This function allows you to do exactly that, and gives you the choice of integer keys or letter keys by typing int
or chr
as the third function argument:
def ds(d,n,v=chr):
return({v(int(y/n)+[96 if v==chr else 0][0]):"".join([str(d[z]) for z in d])[y-n:y] for y in range(n,len("".join([d[z] for z in d]))+n,n)})
This works by first iterating through the dictionary values and returning the value of each key (in the str(d[z]) for z in d
).
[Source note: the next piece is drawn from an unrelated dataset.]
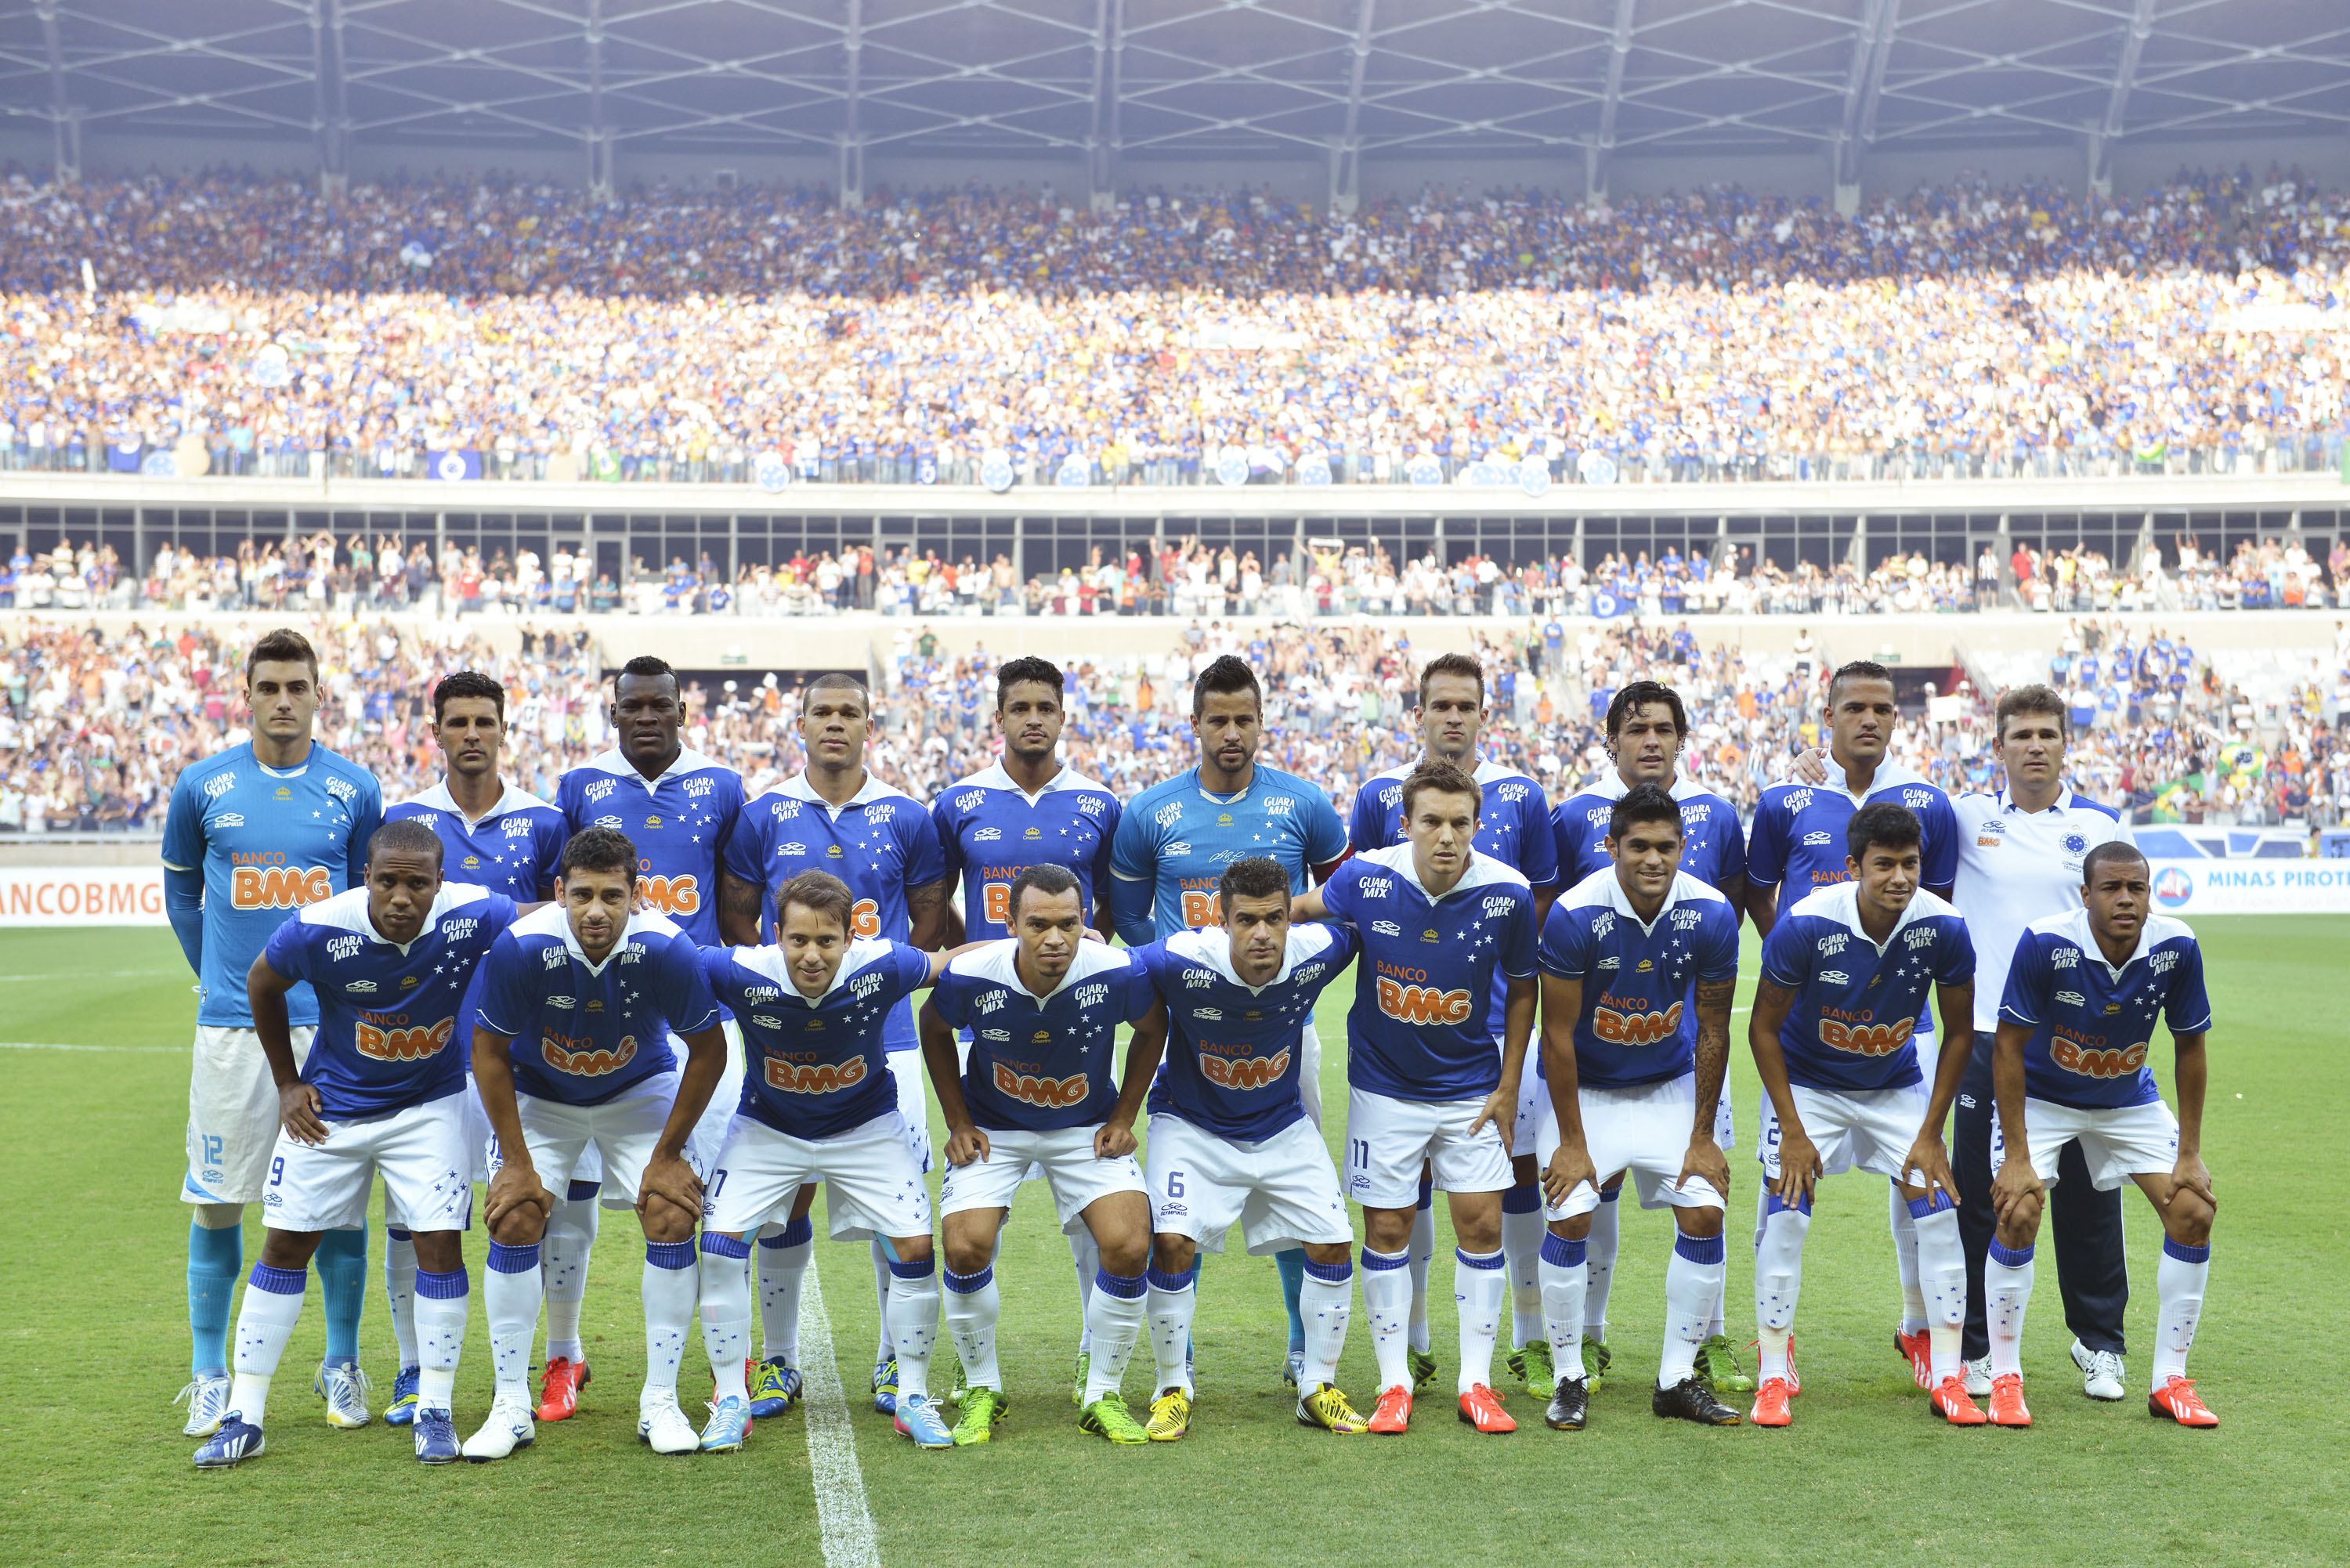 Resultado de imagem para Cruzeiro 2013
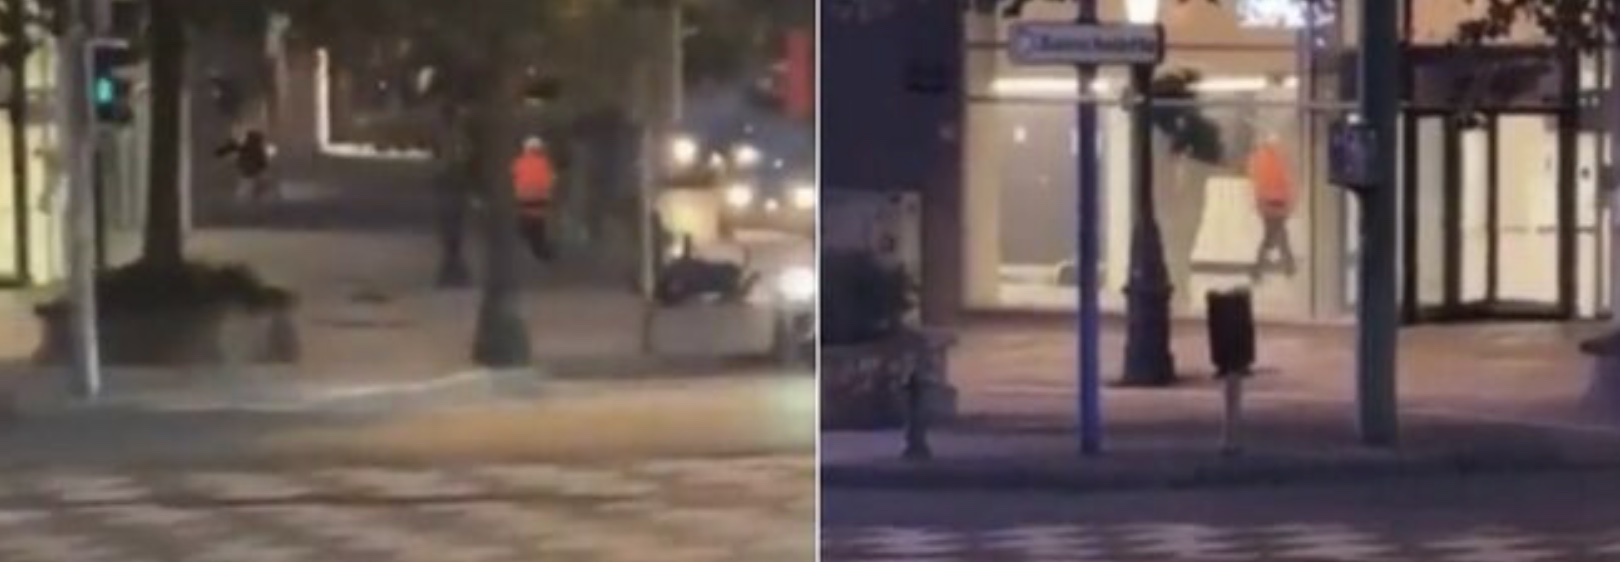 Пуцњава у Бриселу, двоје мртвих и један повређен: Пратимо терористички траг

The function then joins the list of string values together, (the "".join part), and then parses through the length that string (the for y in range(...)
part) and returns a dictionary with values split every n
th time.
Examples:
a=ds(myDictionary,2) #split every second character (string keys)
print(a)
#{'a': 'qw', 'b': 'er', 'c': 'ty', 'd': 'ui', 'e': 'op'}
b=ds(myDictionary,3,int) #split every third (integer keys)
print(b)
#{1: 'qwe', 2: 'rty', 3: 'uio', 4: 'p'}
c=ds(myDictionary,56,char) #split every fifty-sixth (string keys)
print(c)
#{'a': 'qwertyuiop'}
Also, no outside modules required! This is all built-in stuff.